Researchers from the Laboratory of the Methods for Big Data Analysis (LAMBDA) at the Higher School of Economics have improved the way of analyzing ultra-high energy cosmic rays (UHECR) with the use of mobile phones.
Cosmic rays are constantly entering the earth’s atmosphere. Ultra-high energy cosmic ray (UHECR, rays with an energy of more than 1018 ev) properties remain somewhat of a mystery to scientists. They originate from supernovae and black holes. When they interact with air particles, cascades of secondary particles with lower energy are formed. These particles are called extended atmospheric showers (EAS). Scientists have calculated that with a detector with a surface area of 1 km², it is possible to detect approximately one event in 100 years. In order for a full study to be conducted, the surface area the size of a small European country would be required.
The CRAYFIS project proposes using a distributed mobile phone network to detect ultra-high energy cosmic rays (UHECR). In order to do this, researchers from LAMBDA have developed an algorithm for constructing convolutional neural networks that can be used with conventional mobile phones in order to record the muons making up the atmospheric showers.

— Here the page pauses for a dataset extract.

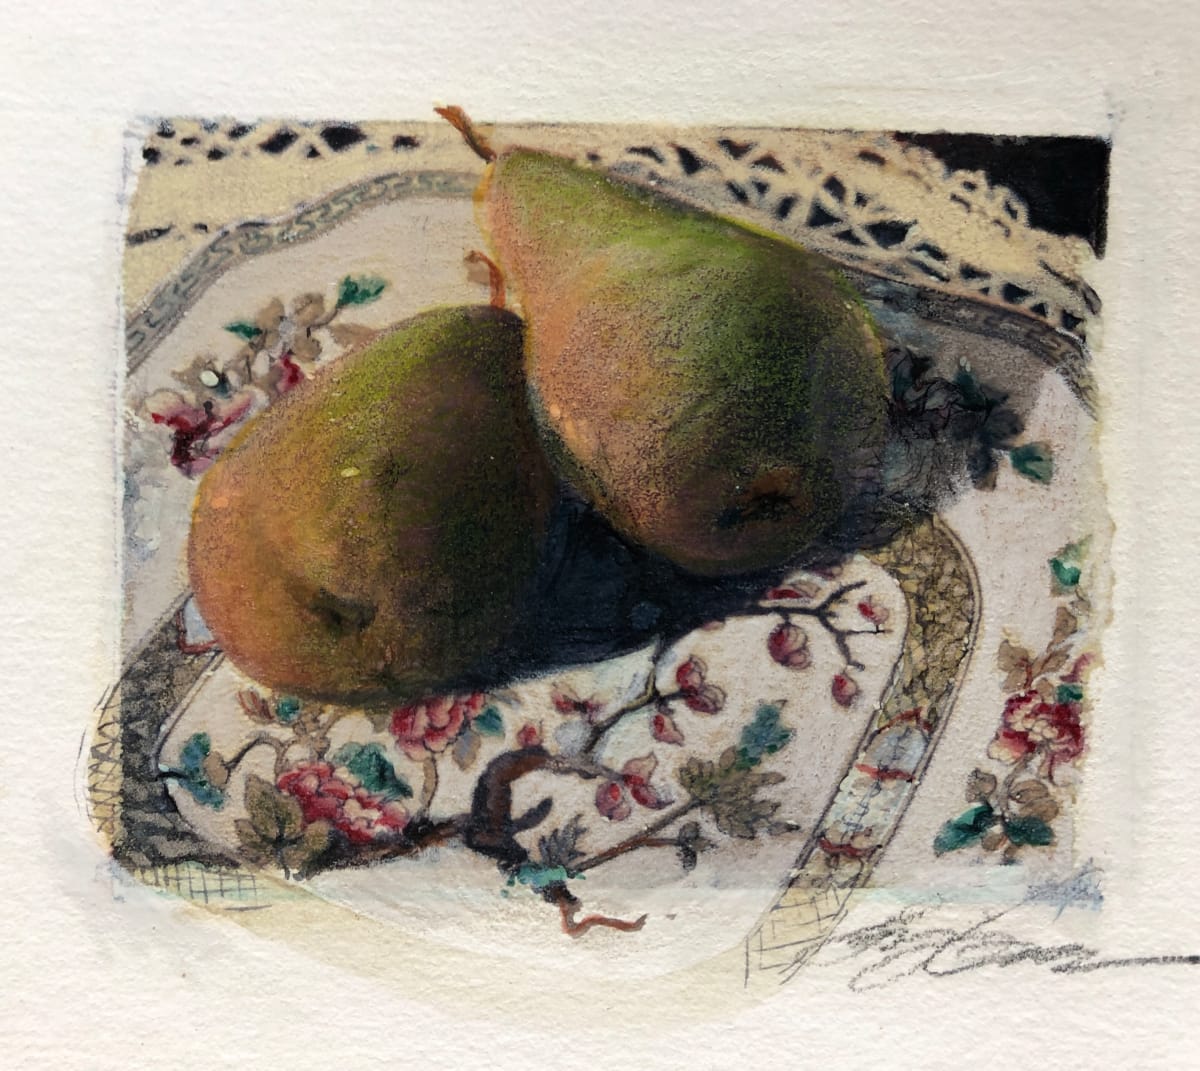 Pears on a  Plate by Karen Phillips~Curran  Image: Pears on a Plate
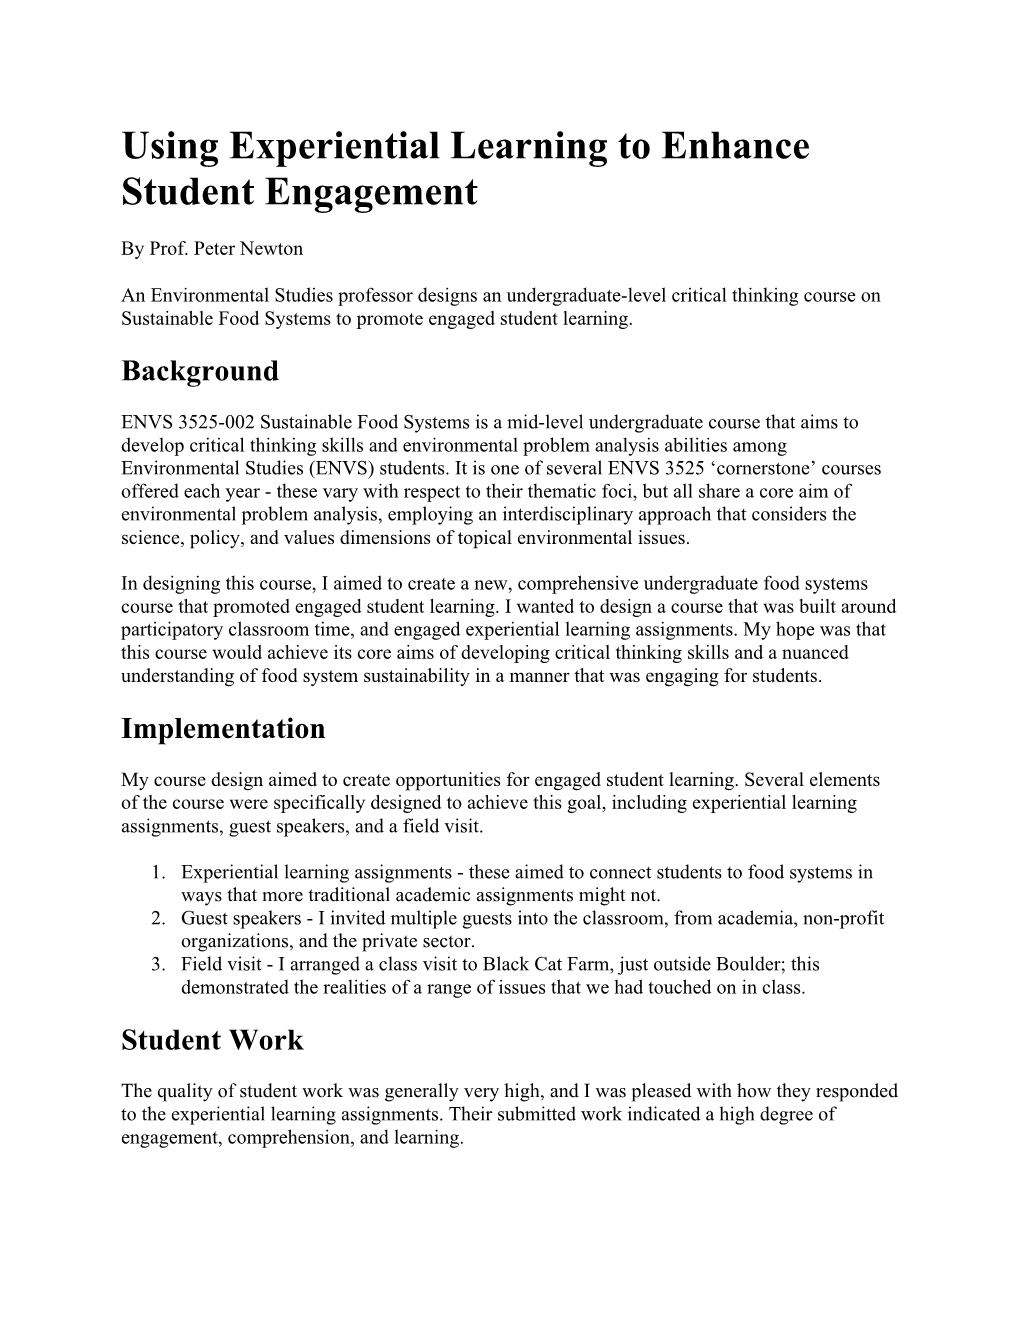 Using Experiential Learning to Enhance Student Engagement

Mobile phone cameras use technology similar to that of particle detectors. This means that they are able to detect EAS. The particles interact with the CMOS camera and leave traces of weakly activated pixels. This can be difficult to distinguish between interference and random noise.
Volunteers for the experiment are asked to install the application on their smartphones and leave the phone, with the camera facing down, overnight so that normal light doesn’t fall on it. The smartphone scans megapixel images at a speed of 5-15 frames per second and then sends the necessary information to the server.
Scientists expect signals from the interaction of cosmic rays to occur in less than one of the 500 image frames. Due to the fact that millions of phones will potentially participate in the experiment, a problem pops up when separating those images where the muon tracks are recorded from all the others.
"A trigger algorithm is required to eliminate background data. We created a neural network for the detection of muon signals, which can be used on any mobile phone fast enough to process a video stream. A special feature makes it possible to use the algorithm on something as simple as a mobile phone, meaning that they can now analyze responses to cosmic rays," says Andrei Ustyuzhanin, head of LAMBDA at HSE.
The network is divided into cascades. The first cascade works with a high-resolution image and each cascade after that works with an image 4 times smaller. It works only on those parts that the previous cascade detected as interesting. If there are no interesting sites, the cascade can stop the network from analyzing this part of the image.
The mathematical model is currently undergoing beta testing. Anyone can participate as a volunteer by registering at crayfis.io. If the project is successful, researchers hope the information obtained will enable astrophysicists around the world to clarify where ultra-high energy cosmic rays from and to develop theories around their properties.